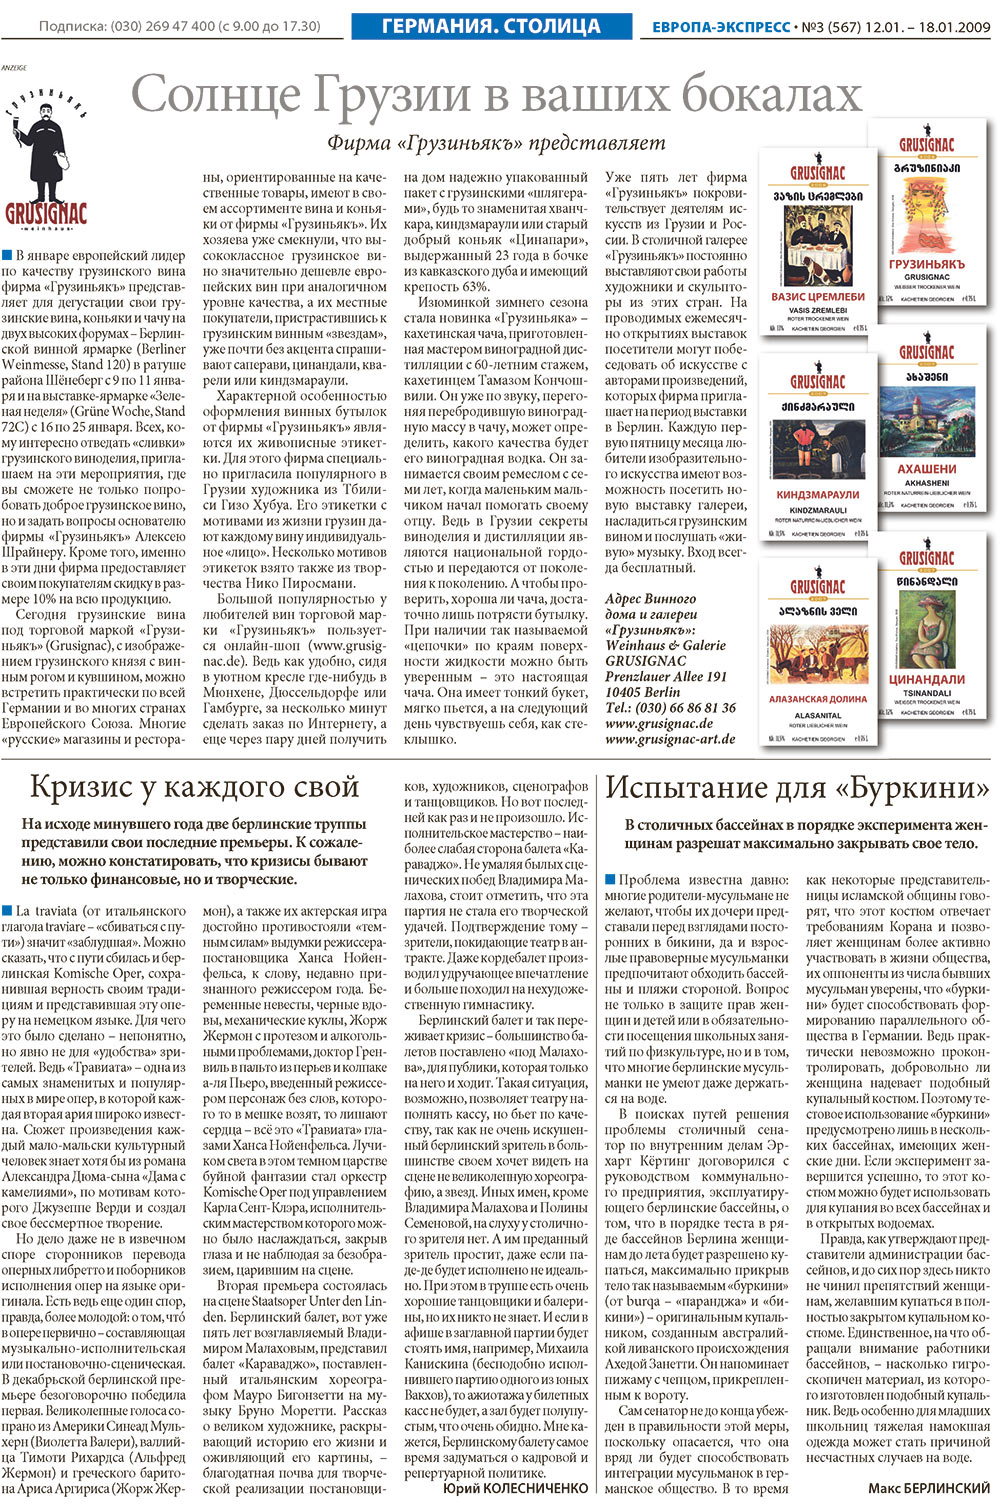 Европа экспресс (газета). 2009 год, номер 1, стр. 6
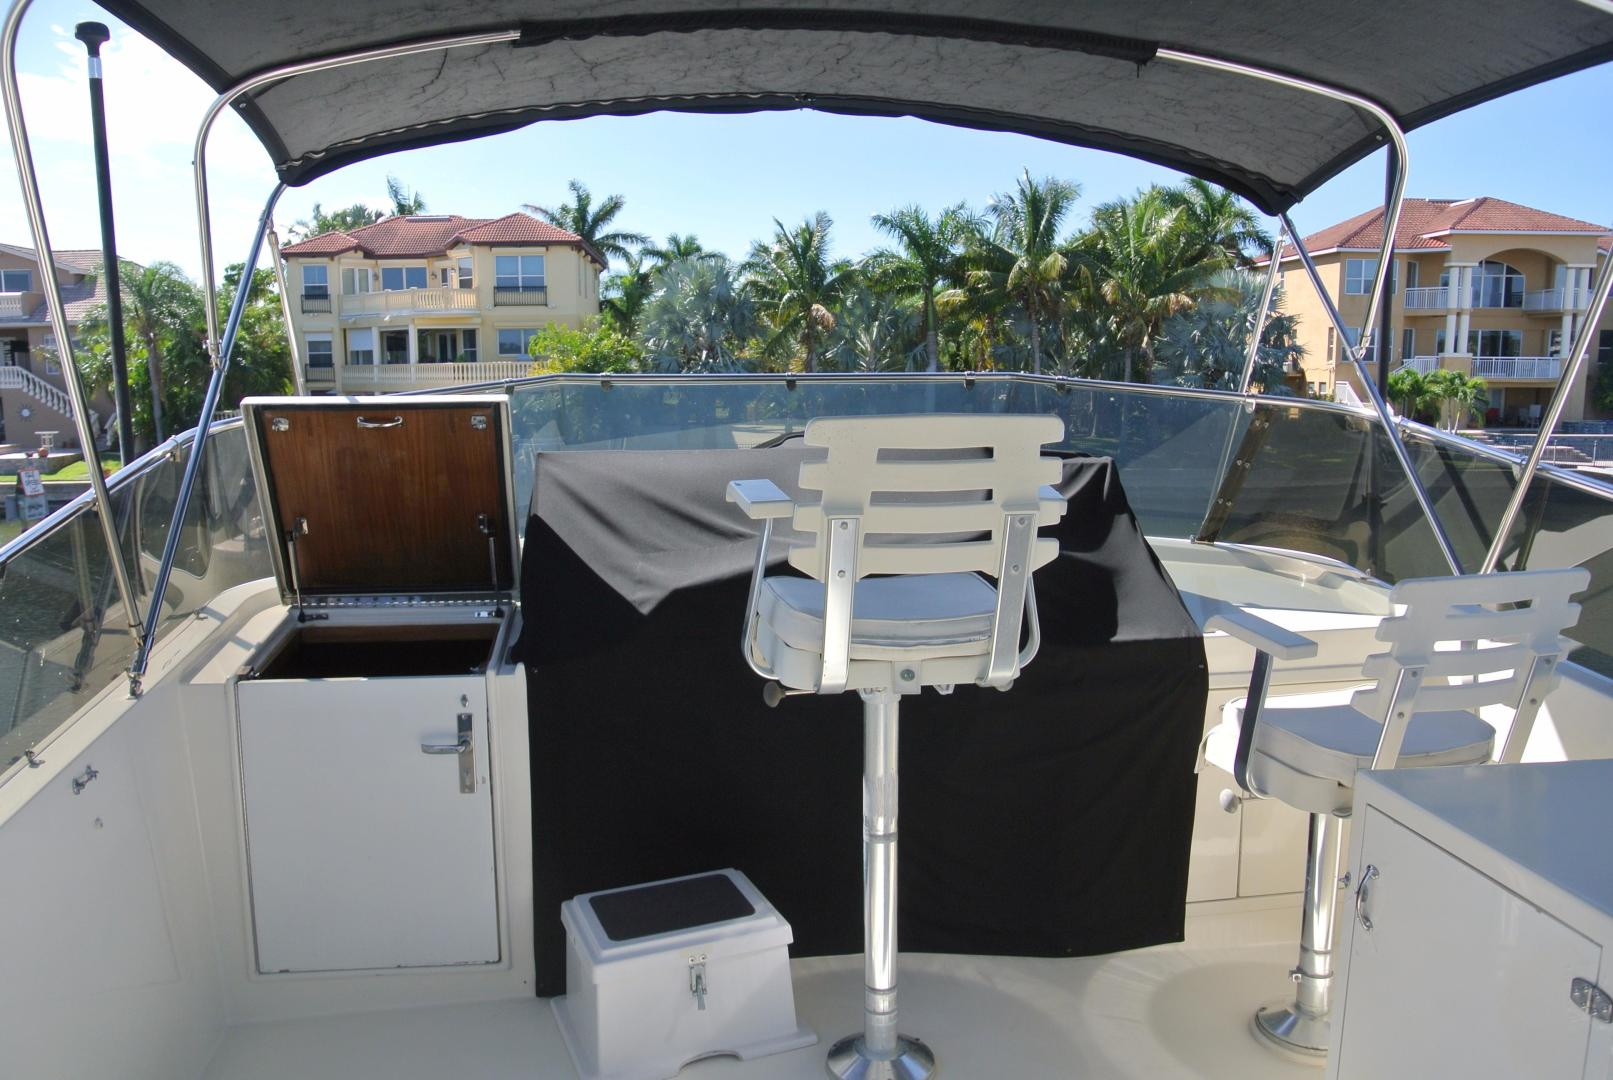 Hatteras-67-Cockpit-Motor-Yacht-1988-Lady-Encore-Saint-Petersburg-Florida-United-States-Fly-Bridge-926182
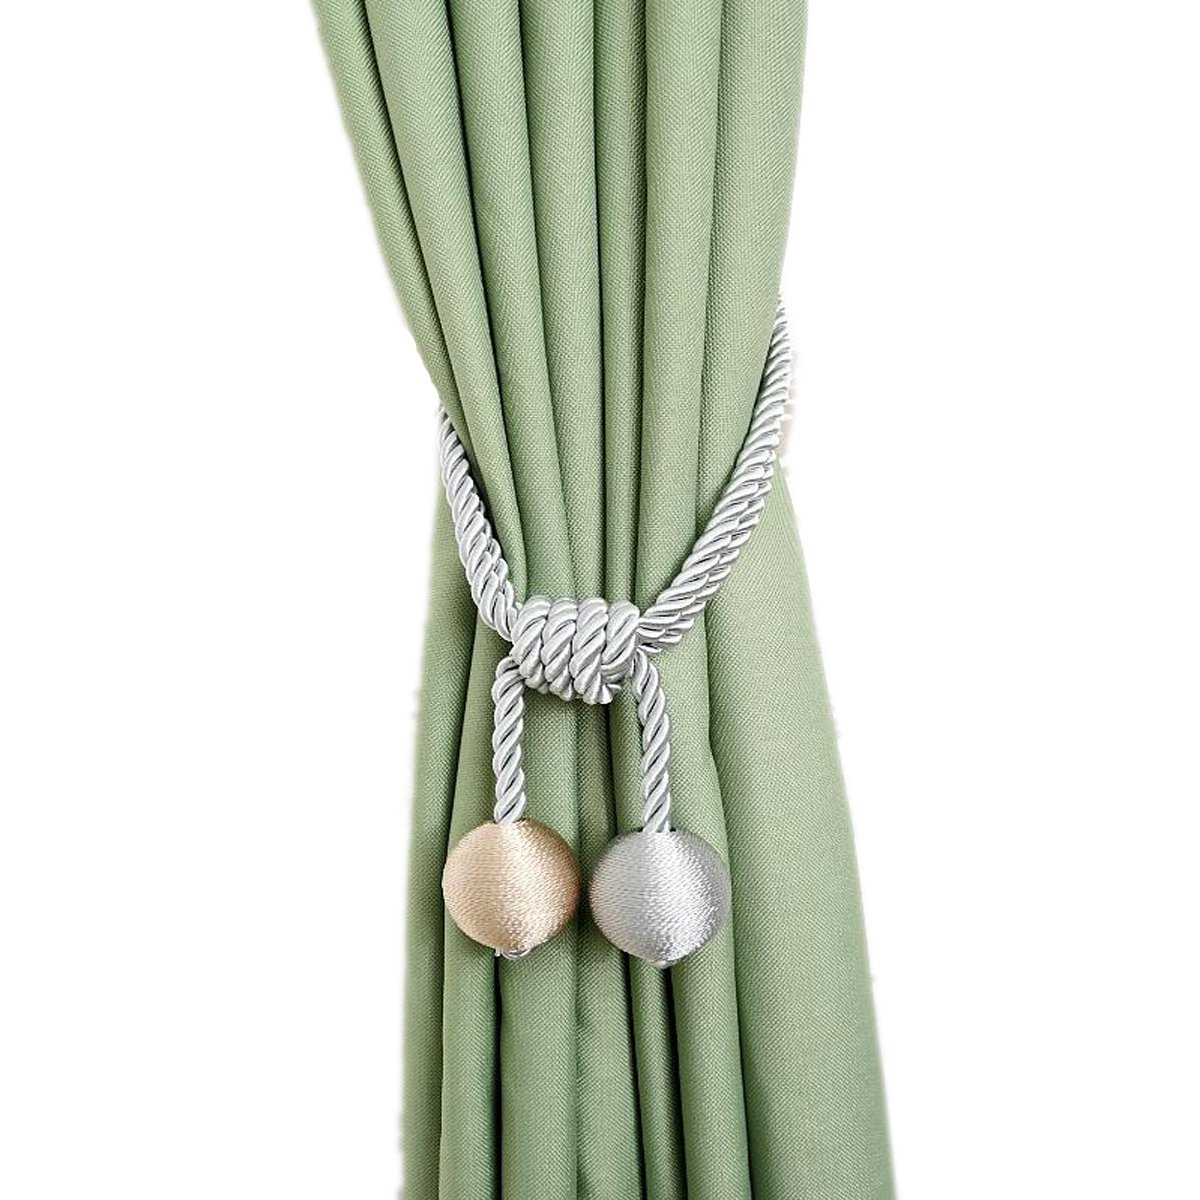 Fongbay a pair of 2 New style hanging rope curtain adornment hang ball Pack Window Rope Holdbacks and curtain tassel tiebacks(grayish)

=== Task goal ===
Apart from the pictures, all of the data should be repeated exactly.

=== Response area ===
 Европа экспресс (газета). 2009 год, номер 1, стр. 6
 Hatteras-67-Cockpit-Motor-Yacht-1988-Lady-Encore-Saint-Petersburg-Florida-United-States-Fly-Bridge-926182
 Fongbay a pair of 2 New style hanging rope curtain adornment hang ball Pack Window Rope Holdbacks and curtain tassel tiebacks(grayish)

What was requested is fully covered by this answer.